Come On Over and Sit Right Down

Parents who have been to a Hopkins ECFE class will recognize the words to our gathering song for circle time.  In fact, parents who have spent time in ECFE classes can often be heard absentmindedly singing the tunes for a great many of the songs that we sing during our group time (teachers are often heard humming as well!). Each class–infants through five year olds–incorporates a special group time with parents; we get a chance to sit together, sing, play simple games and enjoy the closeness of each other’s company.

There are many reasons for gathering in a group and creating a bit of structure in the midst of the joys of free play. The early childhood staff thought we would share some of these reasons with you to give a sense of the academic and social benefits of this experience.  We couldn’t resist sharing some photos of the smiles, interest and excitement that happens during this time as well!
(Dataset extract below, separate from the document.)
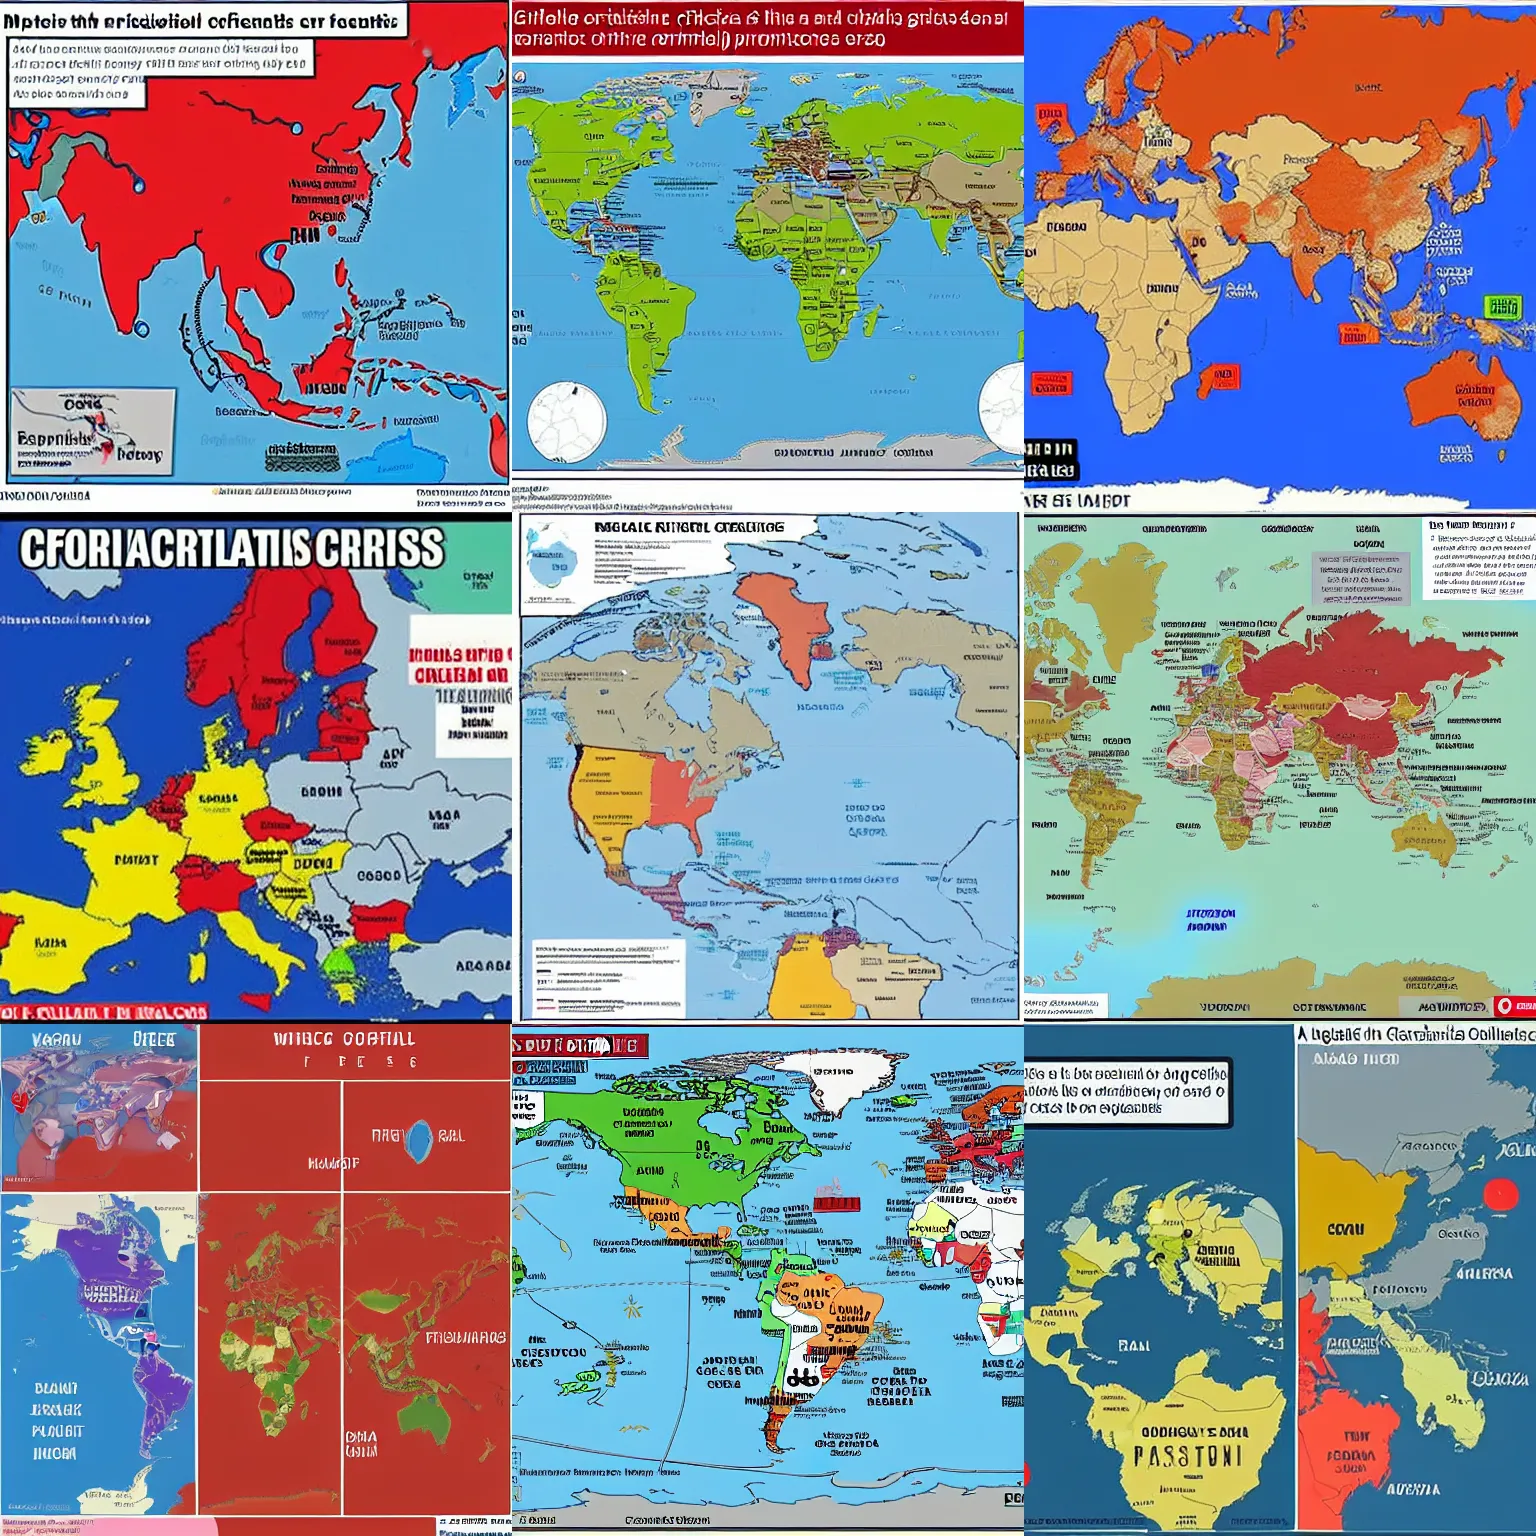 Prompt: a hilarious geopolitical crisis map meme
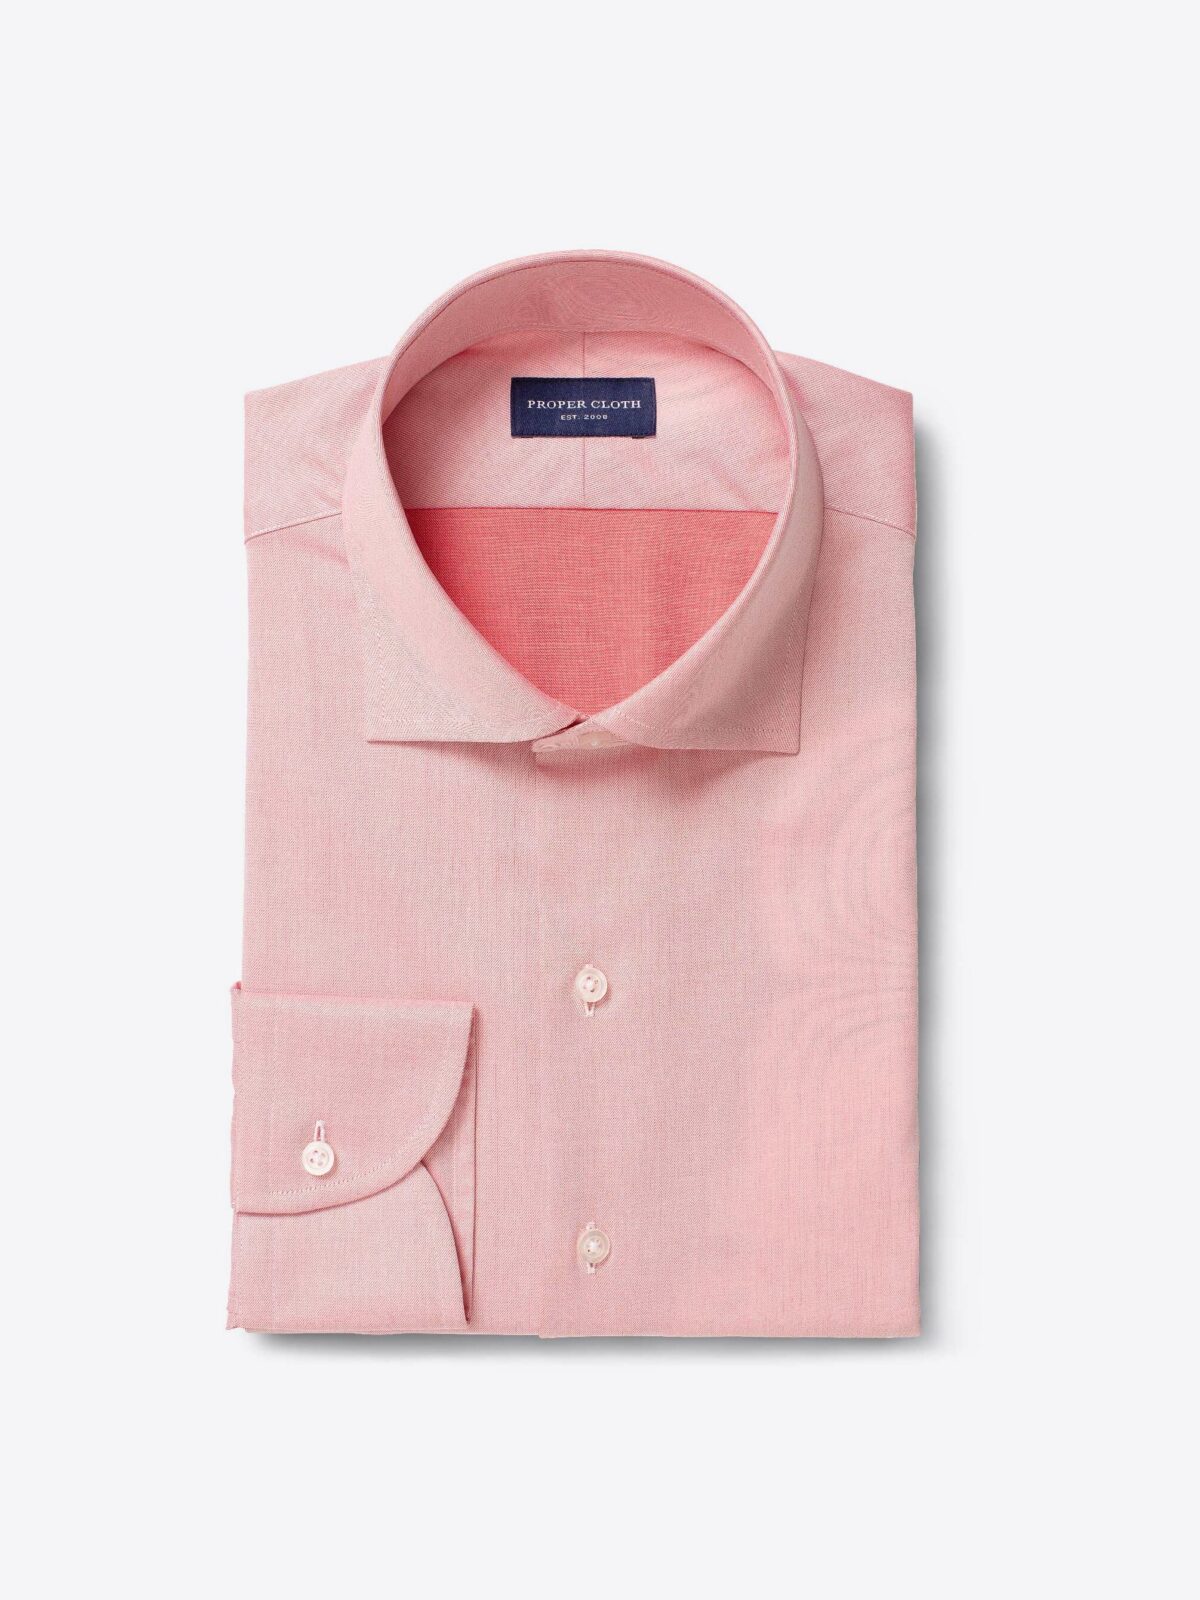 Thomas Pink Shirts for Men

Circle time creates a natural break in the class where free time shifts to down time. Parents have the opportunity to focus in on their child in a way that incorporates a kind of play and interaction that children learn best from–engaging in activities together with a relaxed sort of teaching stemming from the songs.

What are the songs teaching? This shifts throughout the years. Infants learn to recognize the significance of their own name, learn to hear words as separate entities that have meaning, build muscle control through the bumping, popping, shifting and rocking that accompany the songs. In addition, infants get much needed and much delighted in face time with parents–one of the best ways to teach socialization is to socialize. Babies get to study a parent’s face, listen to the beloved parent’s gentle voice, and thrill in the touch of cuddling and hugging.

As children get older, they are gaining different things from song time, even though they may be hearing some of the same songs over the years. They begin to use the songs to learn the names of the other children in their class, they begin to develop a sense of how rhymes work (which sounds like a basic skill, but it is hugely important to literacy) and they begin to see that the teacher is the central figure and authority in the class–she is, after all, the one leading the songs and reading the books. In addition, the repetition and routine that accompany circle time helps the child to gain a sense of control over the process. Children learn best through repetition (although it can sometimes drive their parents crazy), and knowing what movements go along with each song allows the children to get a sense of mastery in this activity. In addition, the fact that the teachers create the same routine around circle time allows the children to get comfortable with the flow of class. They learn that song time comes before snack time, or before the parents separate, and they can relax into that routine and concentrate their energies on learning through play.

Our oldest ECFE classes find the children learning that the structured time has expectations for behavior. This is what will lead them to success in preschool, kindergarten and beyond. They are asked to sit in the circle for circle time, they are asked to take turns and delay gratification (they may see the delightful scarves and want to throw them in the air, but they need to wait until the teacher hands them out–they can not just run en mass and grab them).

Individual children may be working on specific skills within the context of circle time. Teachers are always most concerned with ensuring the safety of all the children–no middle of the circle crashes–but in addition teachers may be working with families to encourage more focused attention, or body awareness and personal space awareness, or even comfort in separation at a certain level from a parent. For this reason, in the older classes, you may see more focused attention on certain skills. If you have a question about why things are operating in a particular way with circle time, be sure to ask your teacher. They are happy to share their reasoning with you.

Parents often learn to love circle time because there is an opportunity to learn songs that engage their children. Often the time between being a child yourself and having your own children is just long enough to forget the words to many of the favorite songs children love. Parents also learn that the method of singing can have a significant affect on the way their children learn. Practicing songs in a slow, paced manner will help children attune to the song and the words. Learning the songs, the finger plays, and methods of soothing activities can help parents when they are looking for play experiences that are genuine, beneficial, social and relaxing. The children recognize the songs and games outside of class and love the experience of re-playing them in their own homes.

There is often an opportunity to gain insight into child development as well as your individual’s personality through circle time. In the early years we notice that some children tend to sit comfortably with a parent and never dream of moving–they may or may not be singing, but they are certainly sitting still. Other children enjoy getting to move in and out of the circle.  They are listening and attending to the songs even if they aren’t sitting in the circle, but they aren’t yet interested in sitting through it all. Teachers see both of these approaches as typical. Parents can gain an understanding of how their child engages with the world by watching their activity level during circle time. Often, the best approach for parents is to remain in the circle and continue to take part in the activities. The child will, in time, realize that the special time with the parent is worth staying in the circle.

Circle time is a delight for all the participants in an ECFE class. It is a special time for parents and children, as well as a purposefully crafted learning experience by teachers. Most of all, circle time should be FUN, so enjoy this special time during class with your child!